* **Directions for this task**:
Write the listing out again word for word, skipping each picture.

* **Source data**:
********************

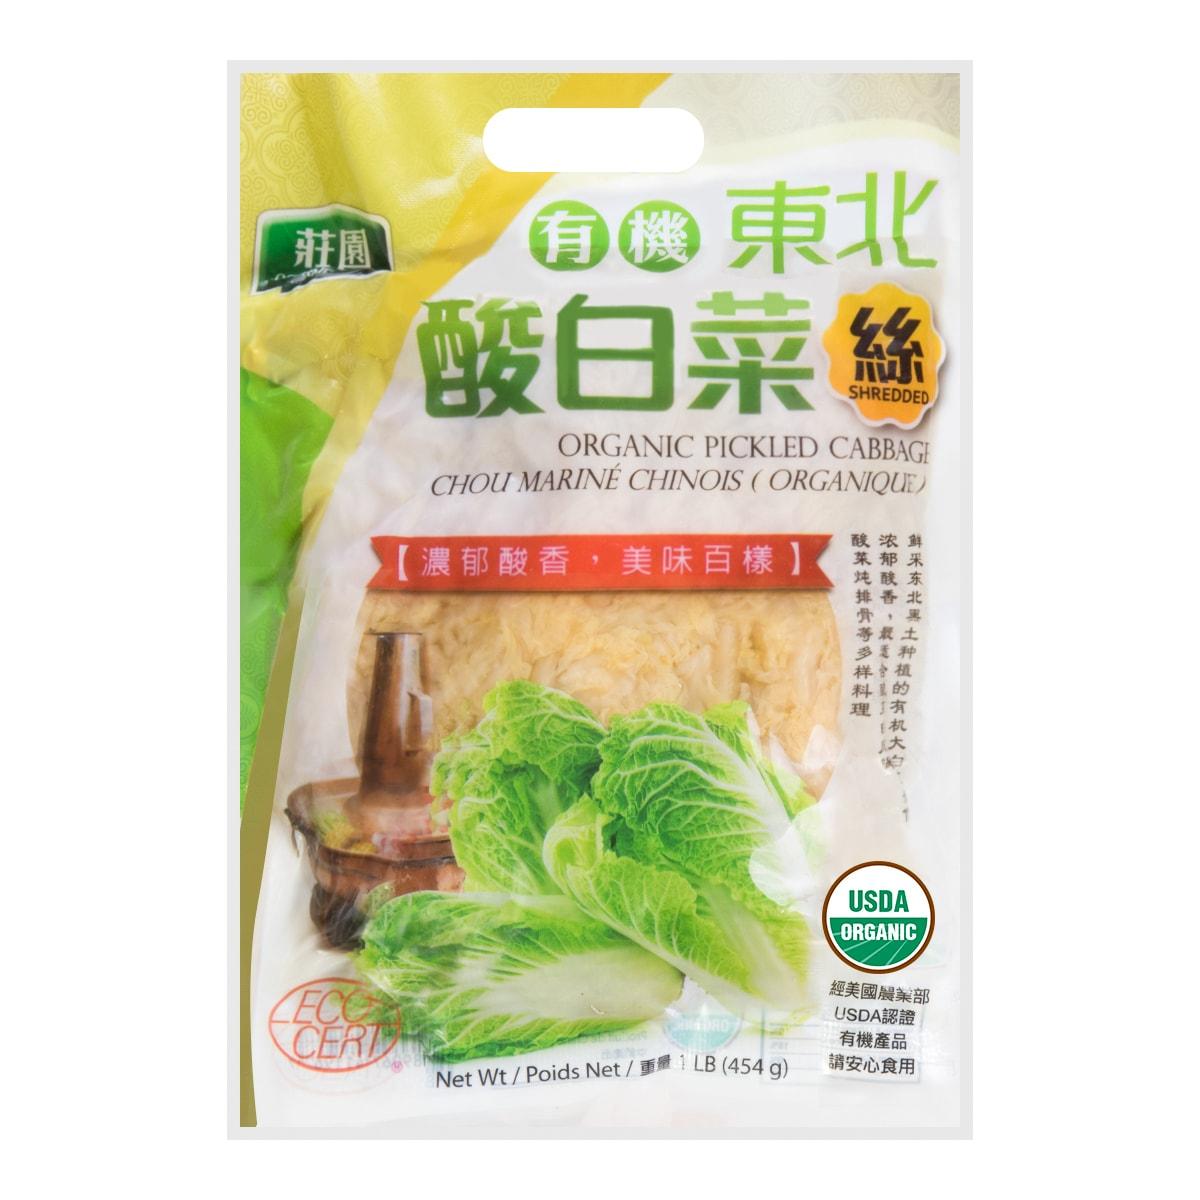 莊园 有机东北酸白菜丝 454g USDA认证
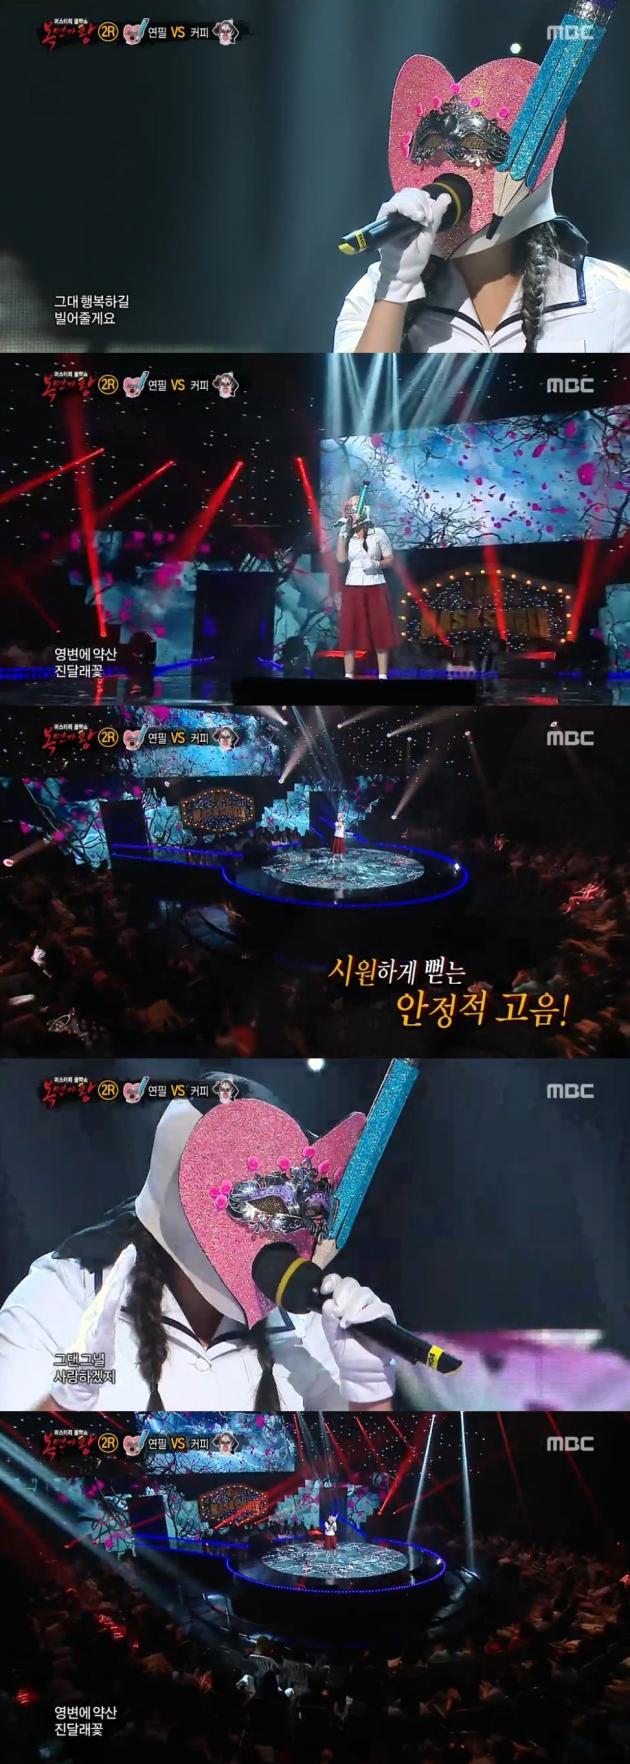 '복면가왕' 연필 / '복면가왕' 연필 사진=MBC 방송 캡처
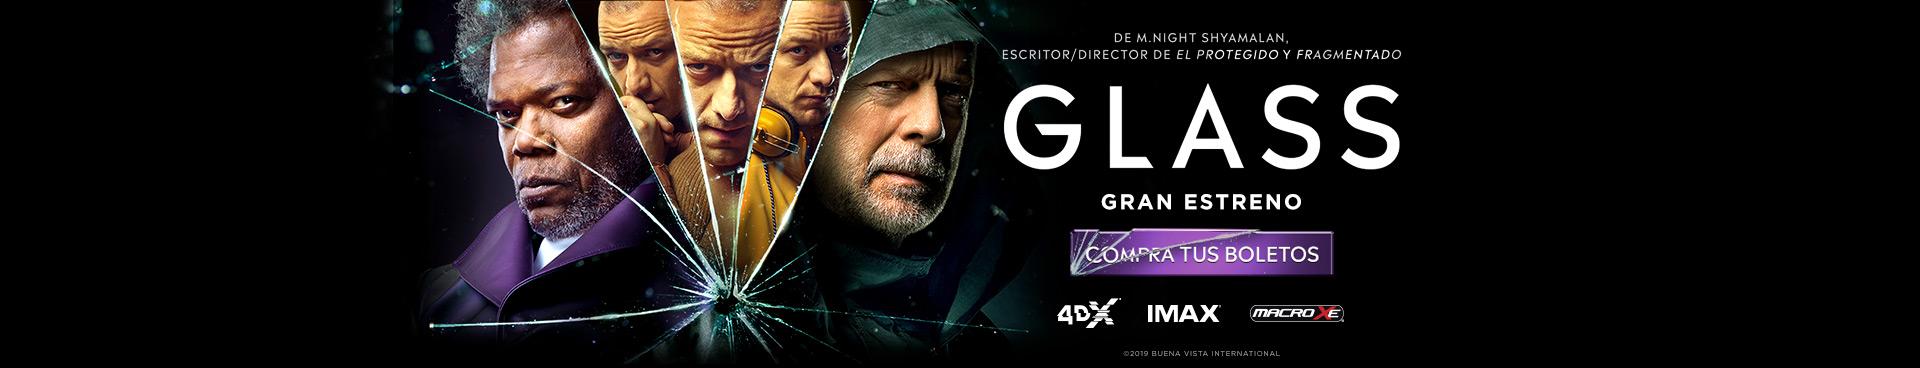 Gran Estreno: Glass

********************

* **Written response**:
 莊园 有机东北酸白菜丝 454g USDA认证
 '복면가왕' 연필 / '복면가왕' 연필 사진=MBC 방송 캡처
 Gran Estreno: Glass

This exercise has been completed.